What you have to do -> Pictures in the data should be dropped; transcribe exactly the lines from the one that has "Darklight Sessions 479" through the one that has "Renovation Museum Reizensou".

*** Given records ***

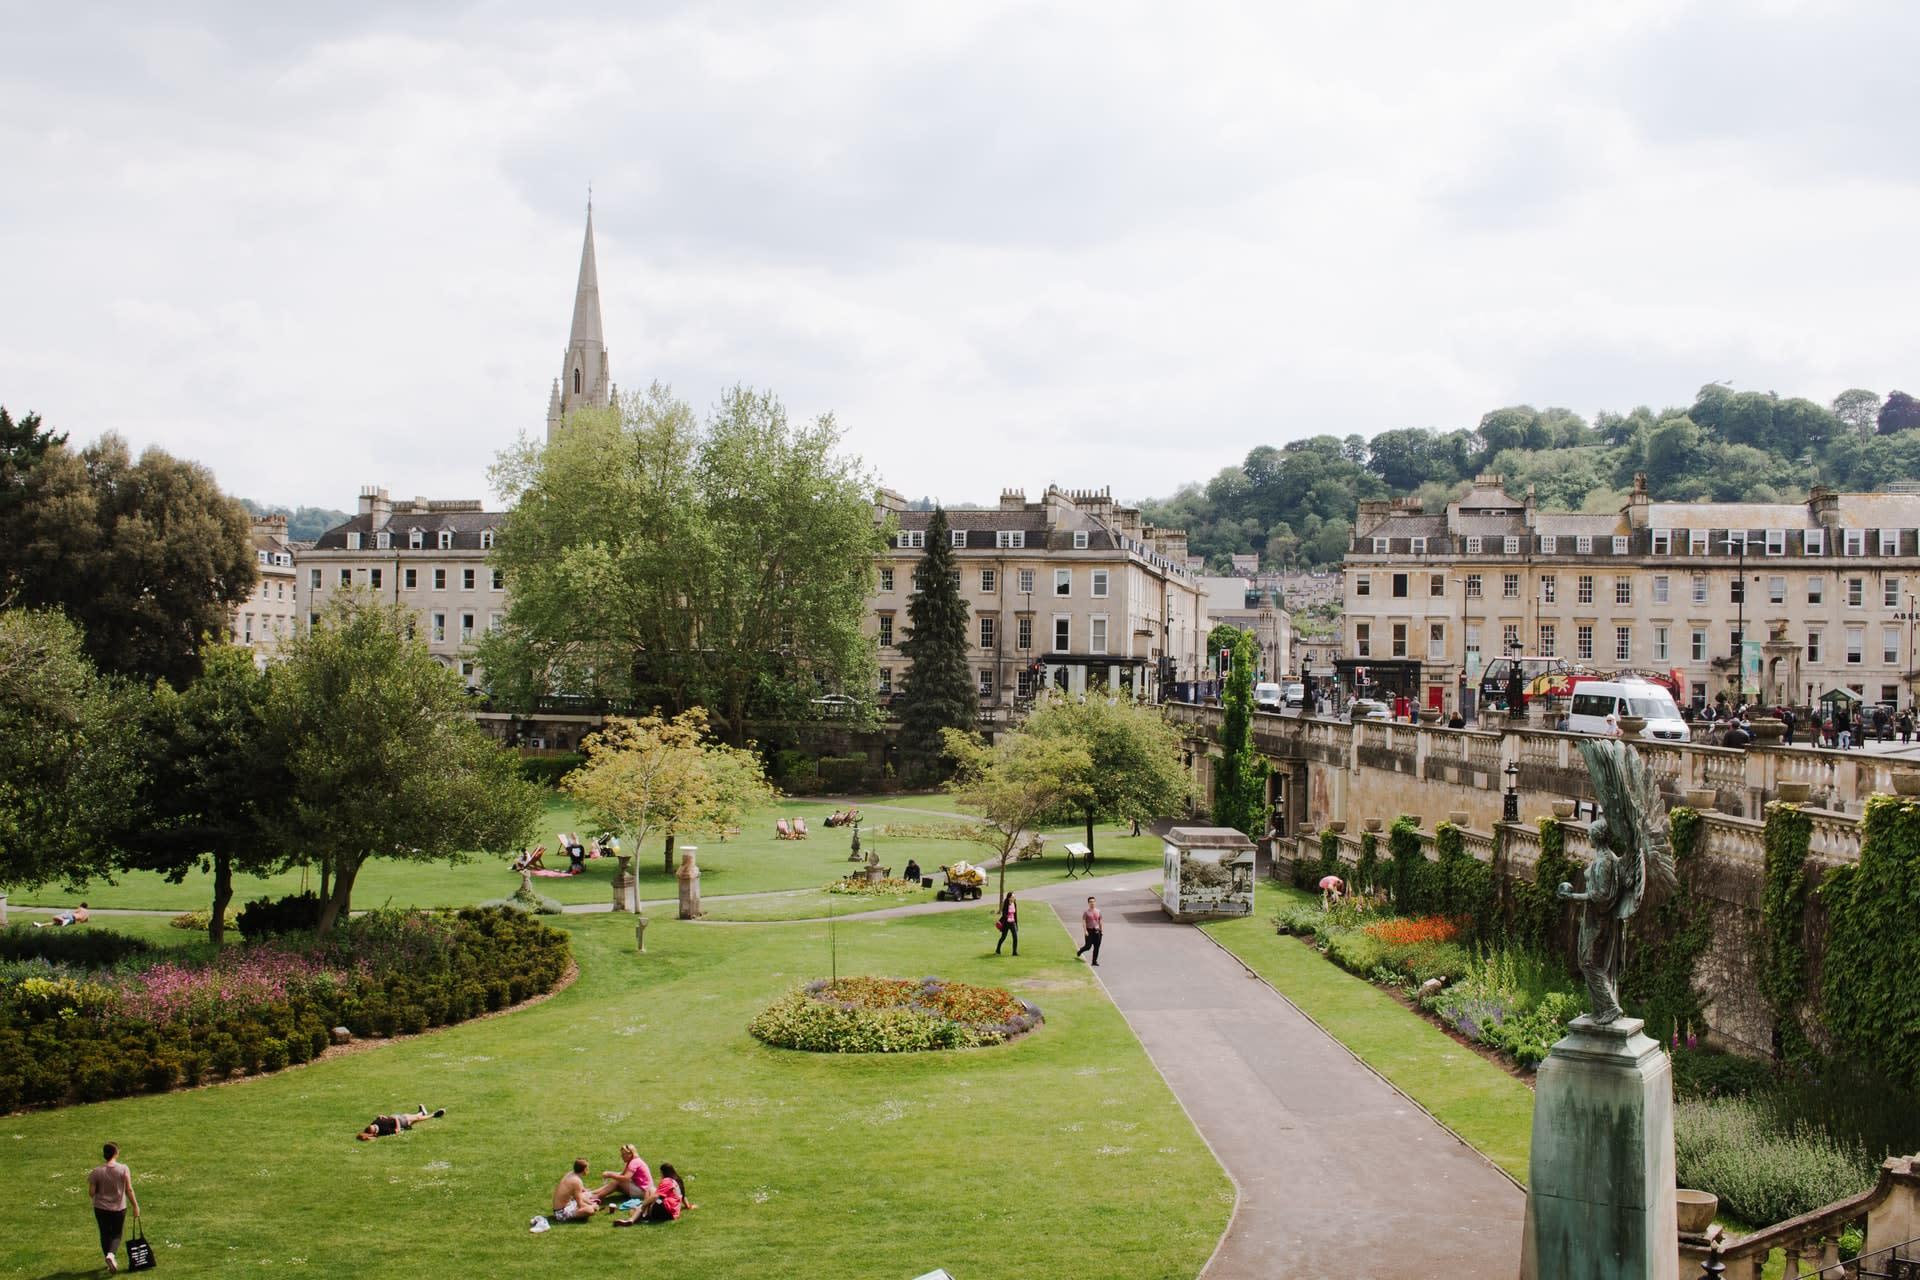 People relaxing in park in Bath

*** End of Given records ***
*** Given records ***

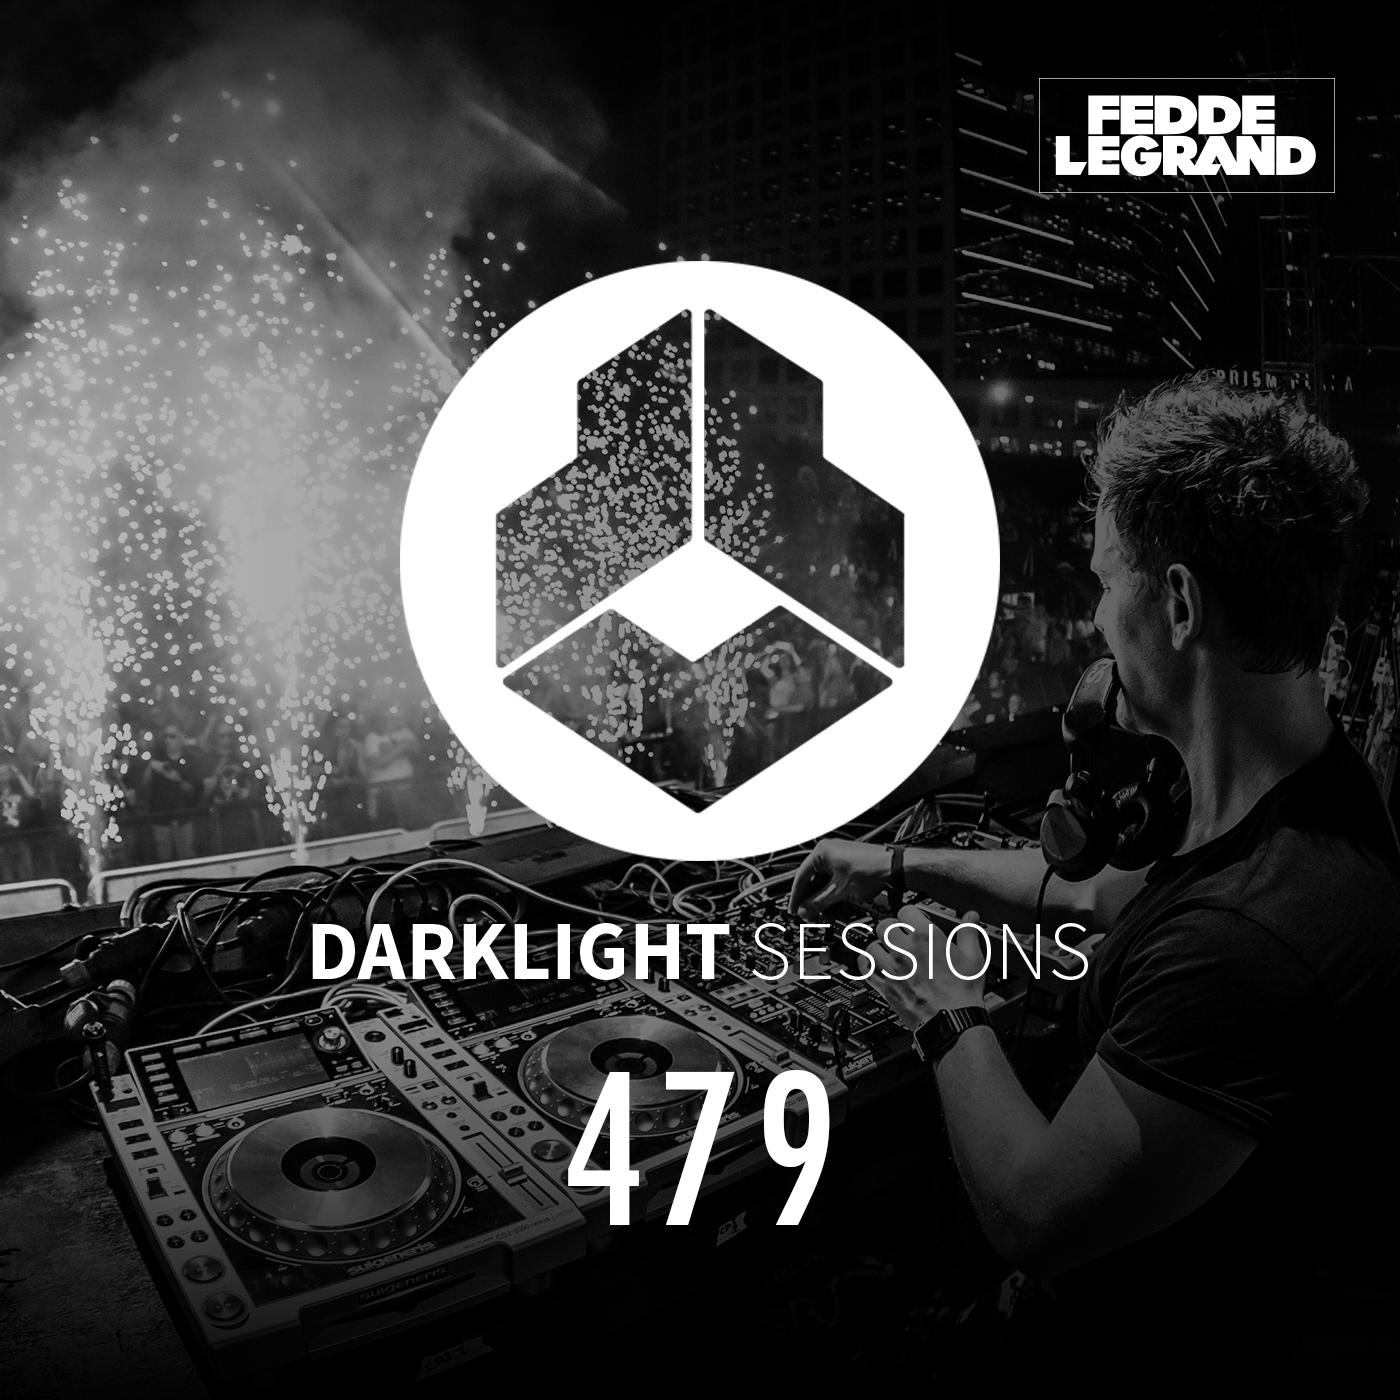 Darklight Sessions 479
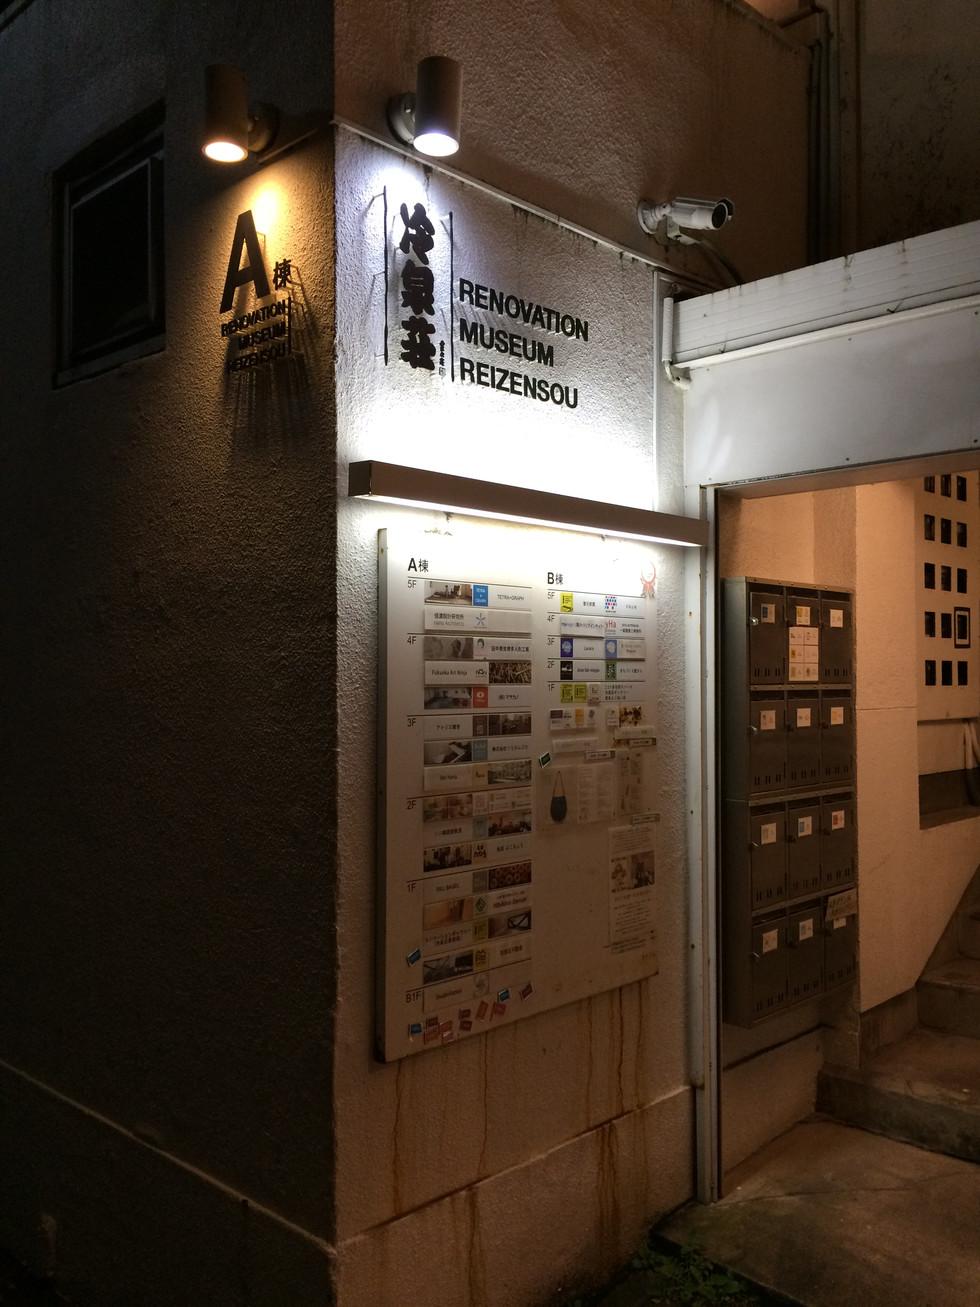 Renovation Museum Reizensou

*** End of Given records ***
*** Given records ***

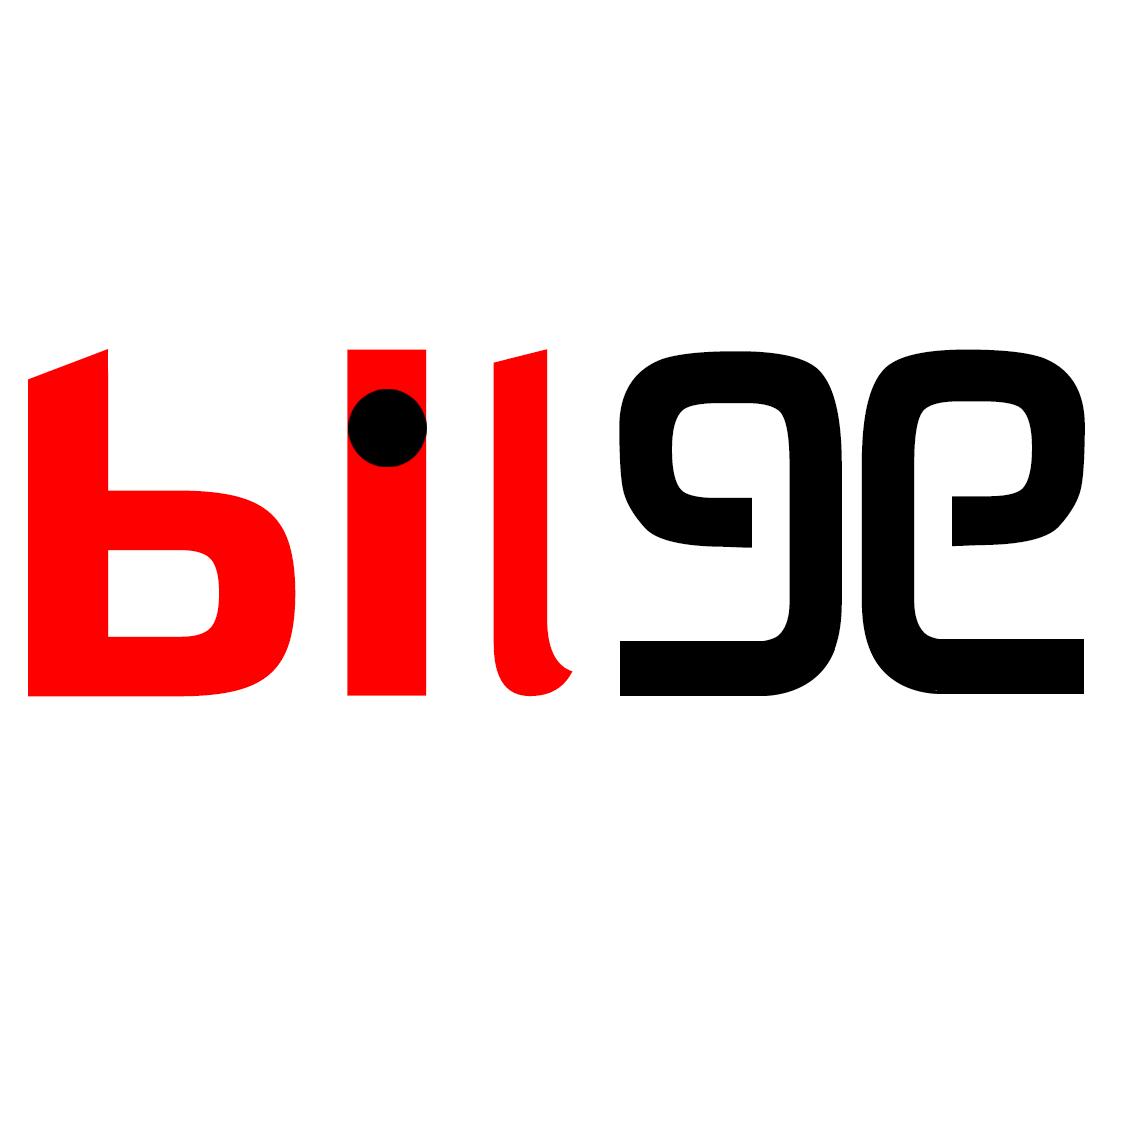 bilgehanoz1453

*** End of Given records ***

Task result ->
 Darklight Sessions 479
 Renovation Museum Reizensou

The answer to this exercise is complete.